Marty Morgan

Personal information
- Born: August 12, 1966 (age 59) Minneapolis, Minnesota, U.S.

Sport
- Country: United States
- Sport: Wrestling
- Event(s): Greco-Roman and Folkstyle
- College team: Minnesota North Dakota State
- Club: Minnesota Storm
- Team: USA

Medal record
Collegiate Wrestling
Representing the Minnesota Golden Gophers
NCAA Division I Championships
| Gold medal – first place | 1991 Iowa City | 177 lb |
| Silver medal – second place | 1990 College Park | 177 lb |
Representing the North Dakota State Bison
NCAA Division II Championships
| Gold medal – first place | 1987 Edwardsville | 167 lb |

= Marty Morgan =

American wrestler

Marty Morgan (born August 12, 1966) is a former American wrestler.
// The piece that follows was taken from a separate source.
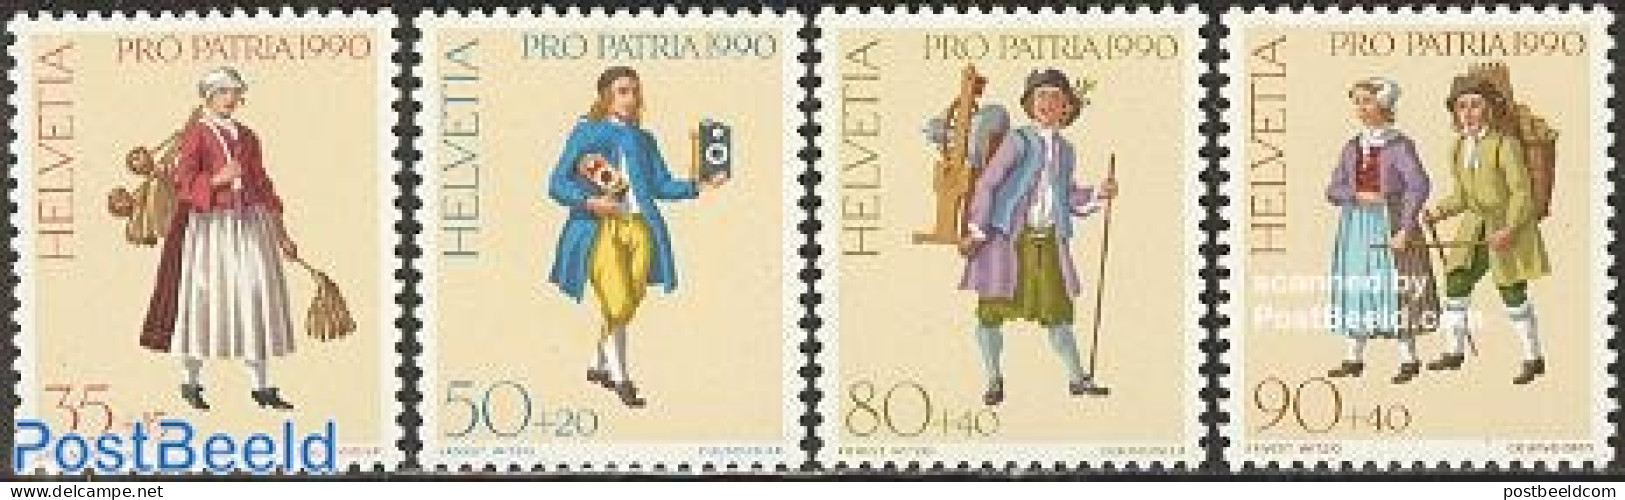 Switzerland 1990 Pro Patria, Costumes 4v, Mint NH, Various - Costumes - Unused Stamps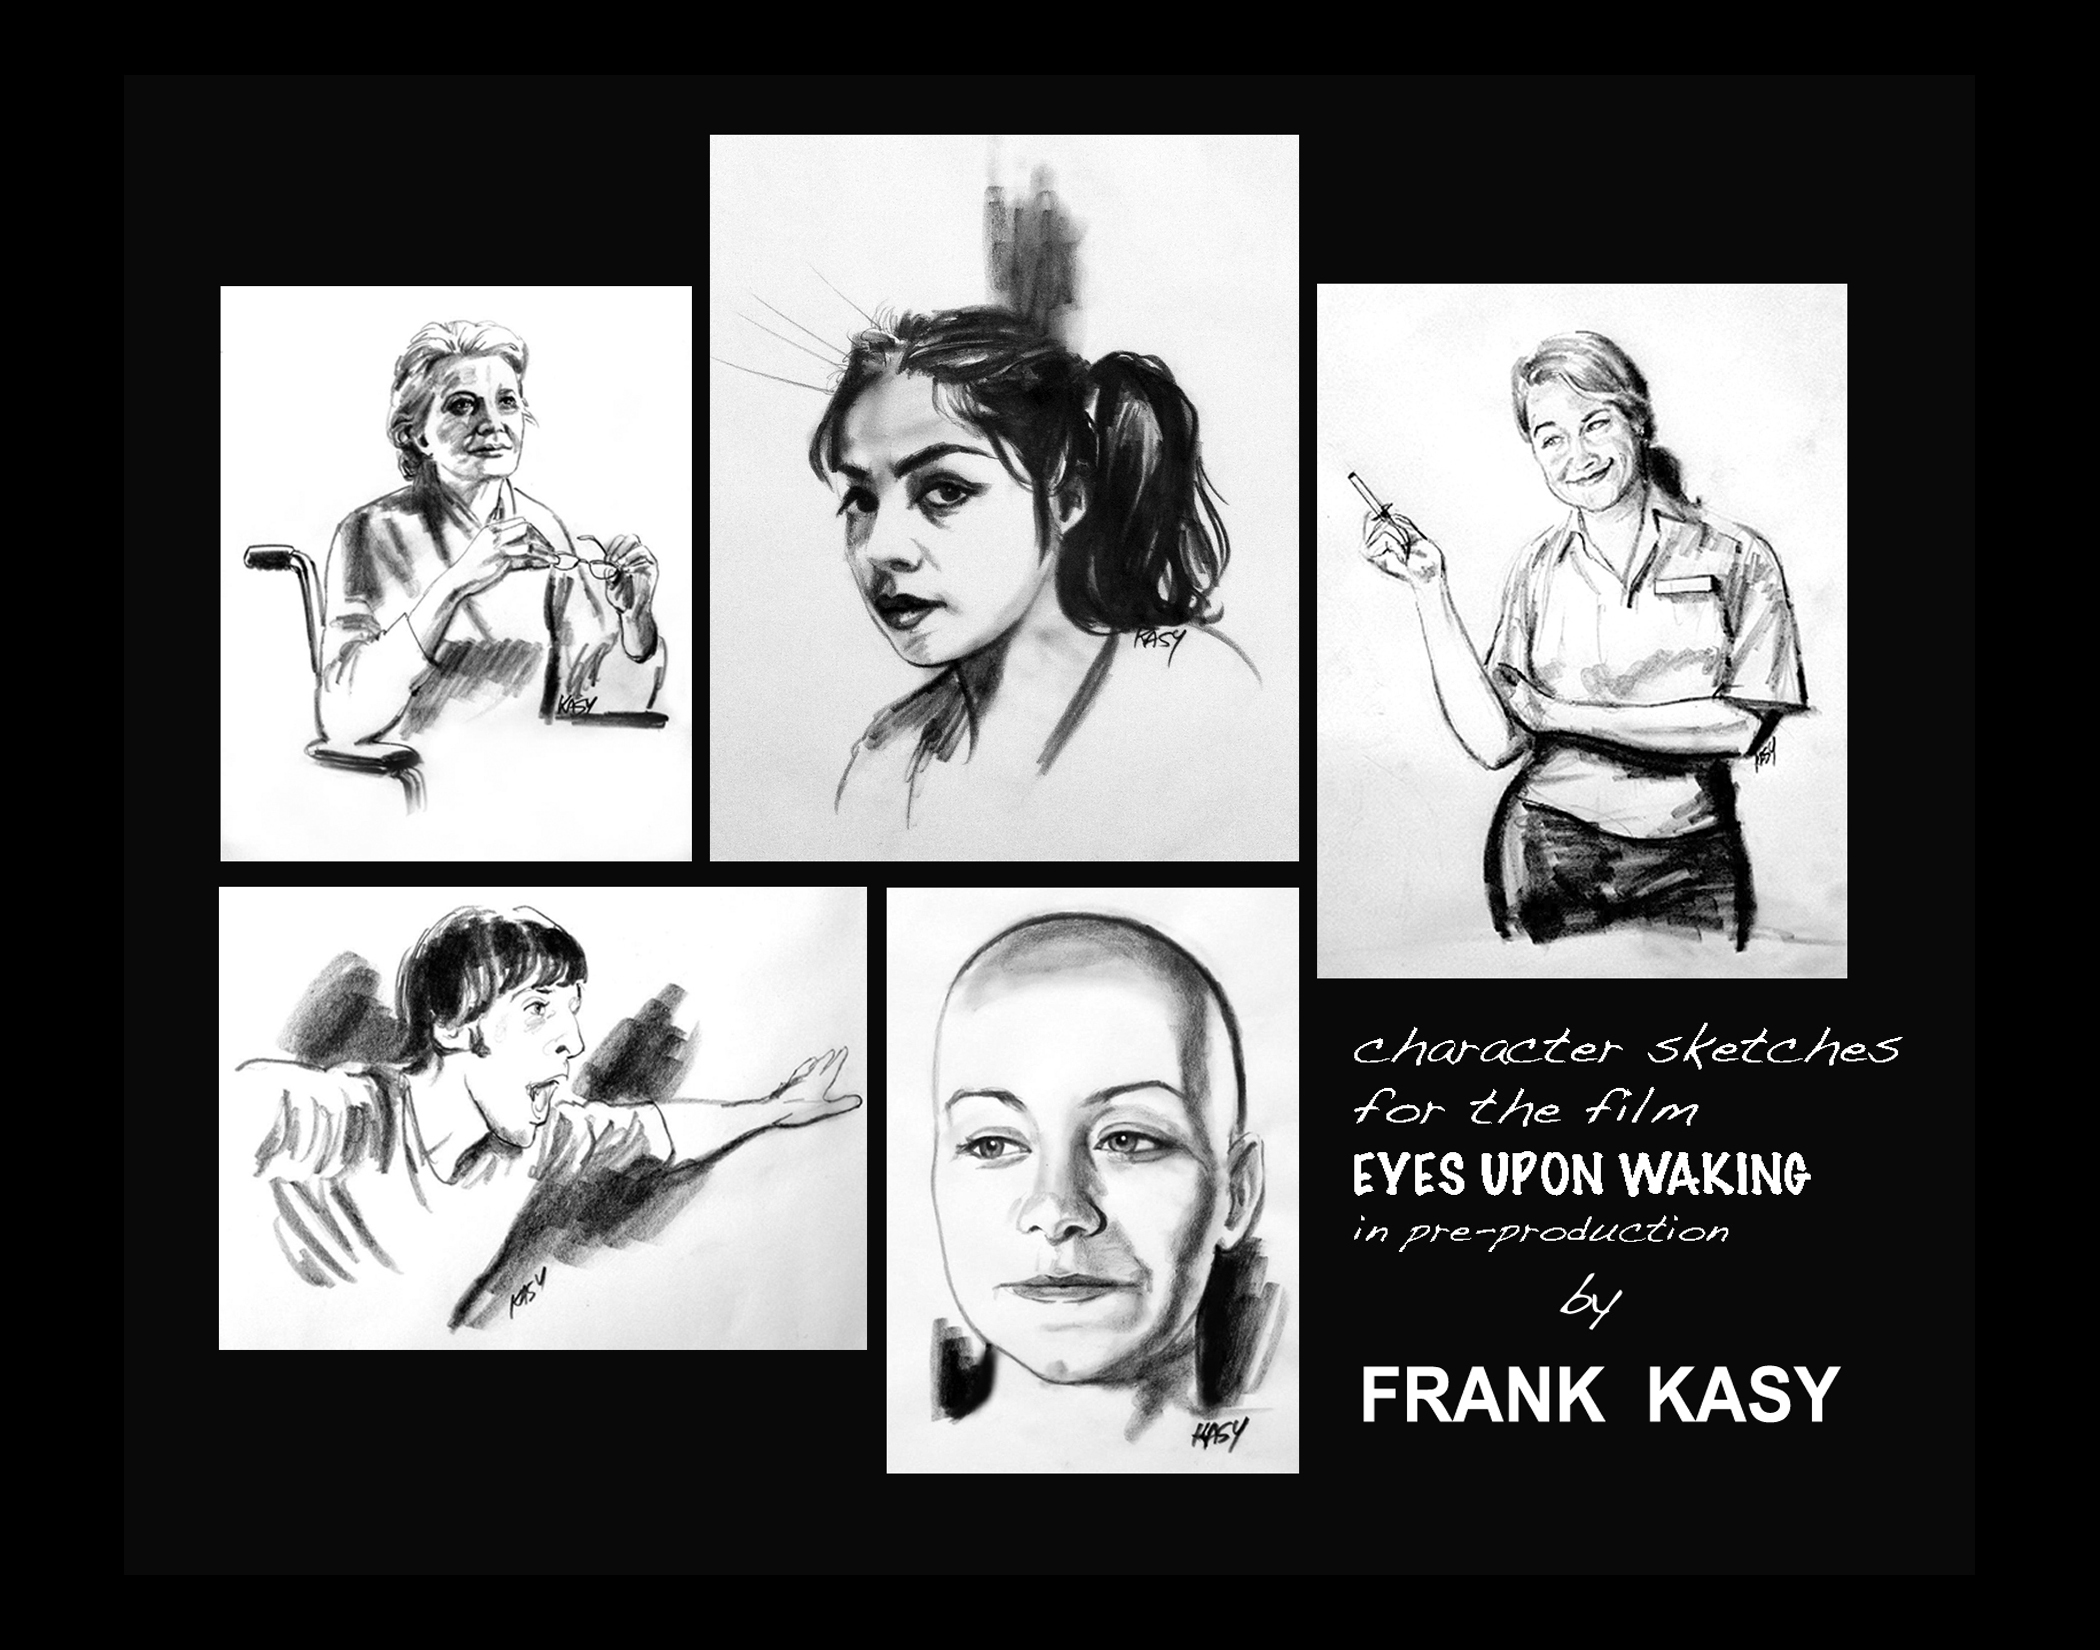 Frank Kasy

He was the 1991 NCAA National Champion (177 pounds; 39–0 record for season, the first wrestler ever in U of MN history to have undefeated national championship season) and was an overall 4-time All-American in college.

==Early life==
Morgan wrestled at Kennedy High School in Bloomington, Minnesota.

==College==
Morgan first wrestled for one year at North Dakota State University, where he was an NCAA Division II National Champion as a freshman. Morgan then finished his collegiate career at the University of Minnesota where he was an undefeated NCAA Division I National Champion as a senior.

==International==
After college, Morgan won 2 US Open National Greco Titles and represented the US on the World Team in 1993 and 1995. He placed 2nd at the 1996 US Olympic Trials, losing in overtime to Dan Henderson.

In 2001, the Minnesota Wrestling Coaches Association inducted Morgan into the Dave Bartelma Hall of Fame.
In 2018, Morgan was inducted into the National Wrestling Hall of Fame.